While at it, return 'ret' instead of 0 in case of error.
This is actually harmless, because the only caller does not handle the
return value.

Fixes: 2408379f15a1 ("wifi: ath11k: implement handling of P2P NoA event")
Signed-off-by: Christophe JAILLET <[email protected]>
---
drivers/net/wireless/ath/ath11k/wmi.c | 6 +++---
1 file changed, 3 insertions(+), 3 deletions(-)
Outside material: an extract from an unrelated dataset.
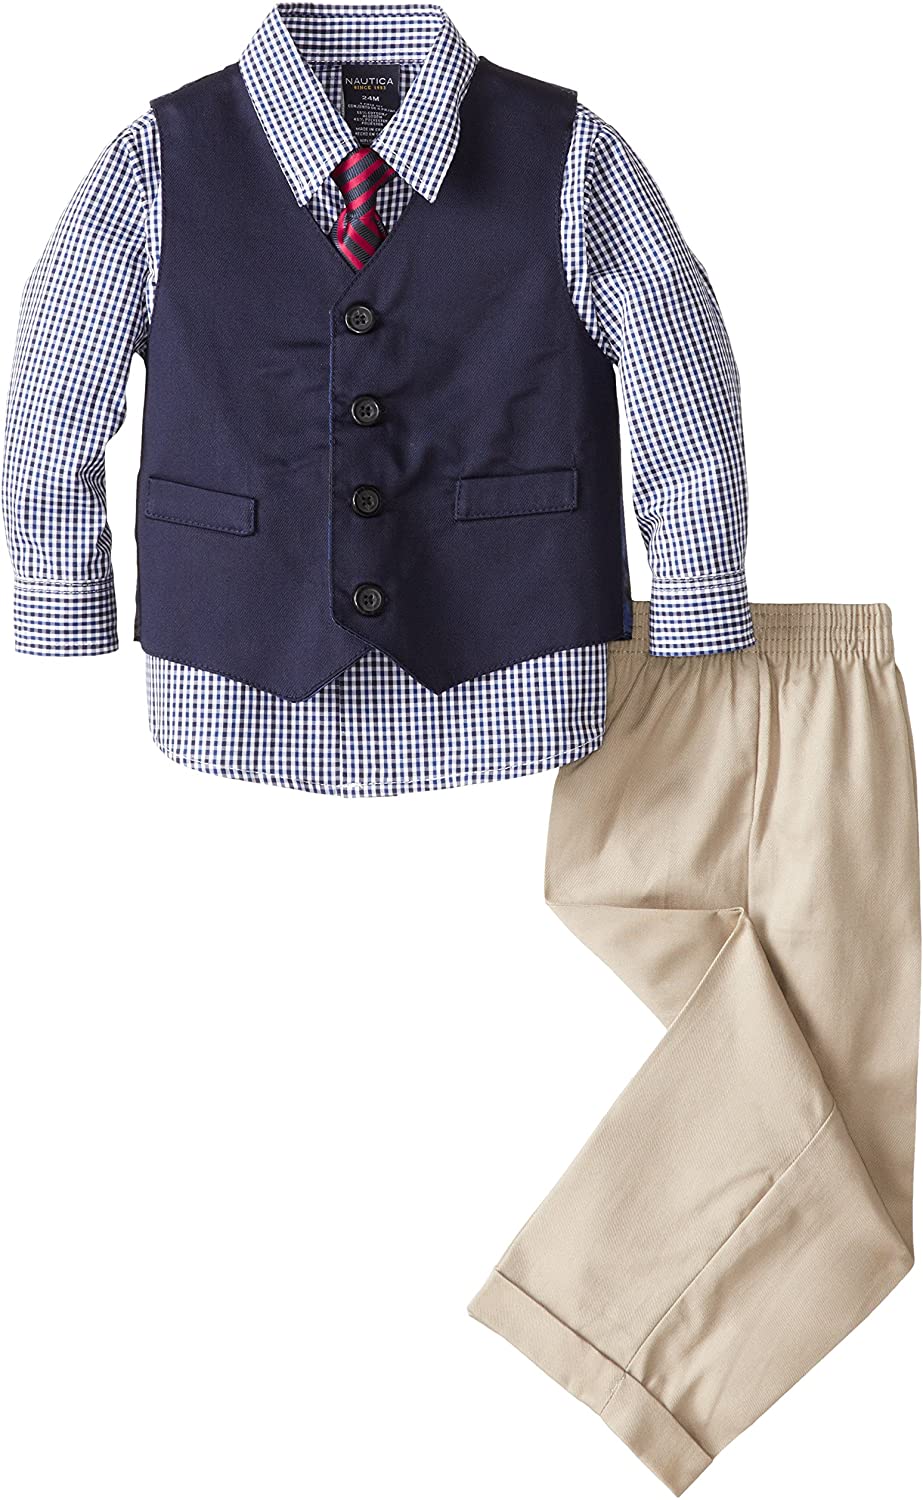 and Bow Ties Vests Pants Nautica Baby Boys 4-Piece Set with Dress Shirts 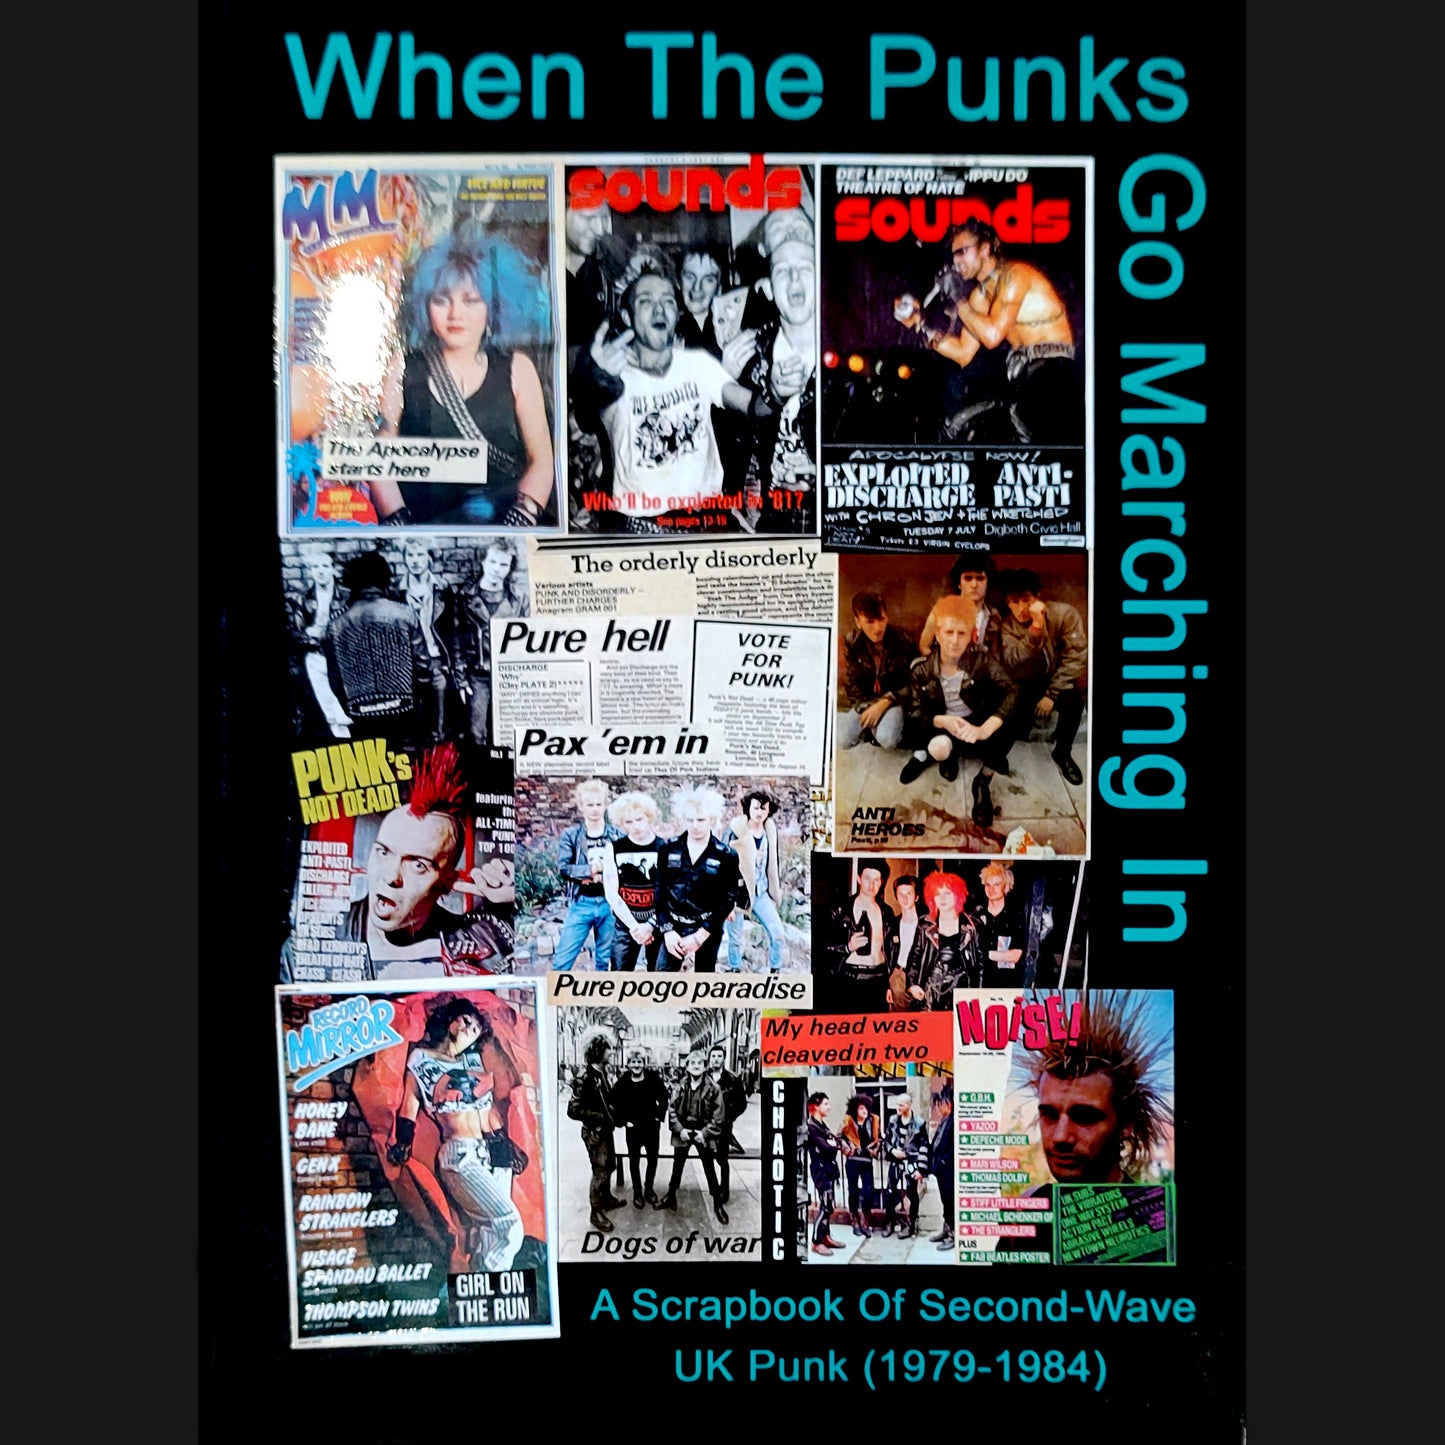 "WHEN THE PUNKS GO MARCHING IN: A SCRAPBOOK OF SECOND WAVE UK PUNK 1979-1984" BOOK

diff --git a/drivers/net/wireless/ath/ath11k/wmi.c b/drivers/net/wireless/ath/ath11k/wmi.c
index c74aa3f95658..589a1b5ec517 100644
--- a/drivers/net/wireless/ath/ath11k/wmi.c
+++ b/drivers/net/wireless/ath/ath11k/wmi.c
@@ -8657,7 +8657,7 @@ static int ath11k_wmi_p2p_noa_event(struct ath11k_base *ab,
const struct wmi_p2p_noa_event *ev;
const struct ath11k_wmi_p2p_noa_info *noa;
struct ath11k *ar;
- int ret, vdev_id;
+ int ret = 0, vdev_id;
u8 noa_descriptors;

tb = ath11k_wmi_tlv_parse_alloc(ab, skb, GFP_ATOMIC);
@@ -8682,7 +8682,7 @@ static int ath11k_wmi_p2p_noa_event(struct ath11k_base *ab,
if (noa_descriptors > WMI_P2P_MAX_NOA_DESCRIPTORS) {
ath11k_warn(ab, "invalid descriptor num %d in P2P NoA event\n",
noa_descriptors);
- return -EINVAL;
+ ret = -EINVAL;
goto out;
}

@@ -8705,7 +8705,7 @@ static int ath11k_wmi_p2p_noa_event(struct ath11k_base *ab,
rcu_read_unlock();
out:
kfree(tb);
- return 0;
+ return ret;
}

static void ath11k_wmi_tlv_op_rx(struct ath11k_base *ab, struct sk_buff *skb)
--
2.44.0

2024-04-15 16:19:03

by Jeff Johnson

[permalink] [raw]

Subject: Re: [PATCH] wifi: ath11k: Fix error handling in ath11k_wmi_p2p_noa_event()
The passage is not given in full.